Salmon Arm doctors Maureen McTavish and Ruth Brighouse, along with residents Joyce Johnson and Eileen McDonald, were among the Canadians trekking in Nepal earlier this week when blizzards and avalanches struck the region around the Annapurna range earlier this week.
Fall is Nepal’s high season for trekking, but heavy rain and snow have lashed the region after tropical Cyclone Hudhud struck the Indian subcontinent.
McTavish is listed on an Annapurna Nepal information website as safe, Brighouse, Johnson and McDonald’s status is listed as still unknown, but friends of the Salmon Arm residents have posted on Facebook that all four are safe.
It appears the women were traveling on a different trail not near the worst of the weather.
They are at the top of the Anapura Base Camp and will be heading back to Katmandu shortly.
The Toronto Star was reporting the group of four British Columbians were disconnected from the tragic events of this week and blissfully unaware of the anxiety their silence had caused back home.
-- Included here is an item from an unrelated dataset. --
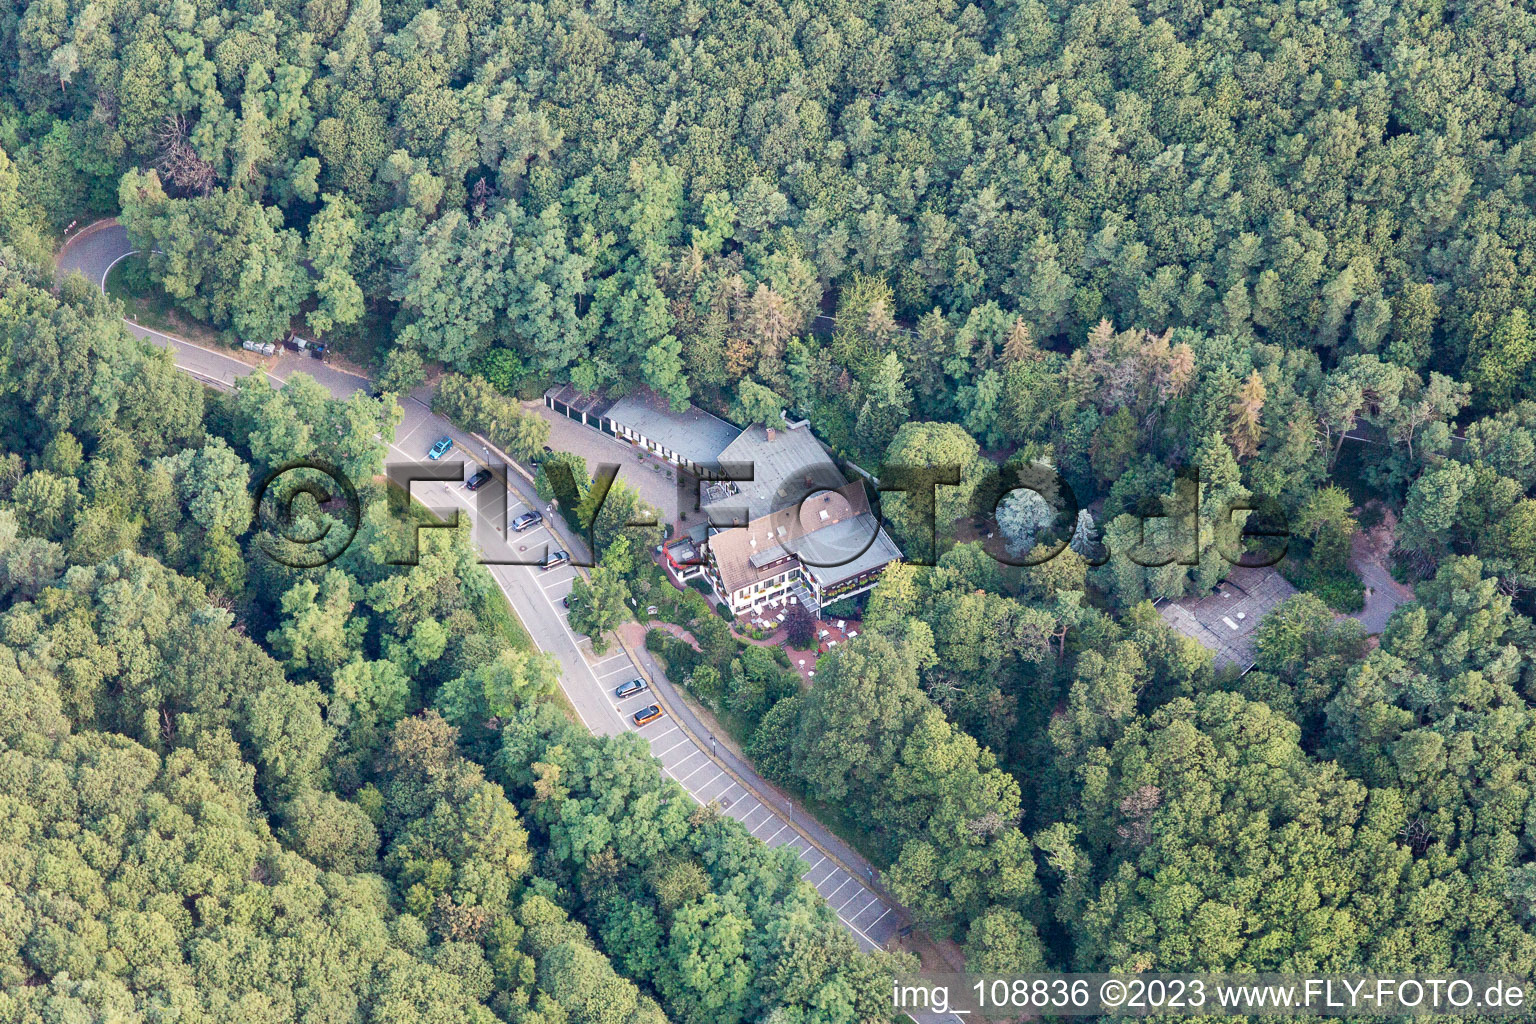 Luftbild von Sankt Martin im Bundesland Rheinland-Pfalz, Deutschland

In their story, it states: “That was the case for Maureen McTavish and her three friends, all from British Columbia, who arrived Wednesday night at a base camp and stumbled into a teahouse that had a wireless Internet connection.”
The Star also spoke with McTavish’s son, Matt, who said the group had no idea about the critical situations elsewhere on the Annapurna circuit and would have contacted family sooner had they known.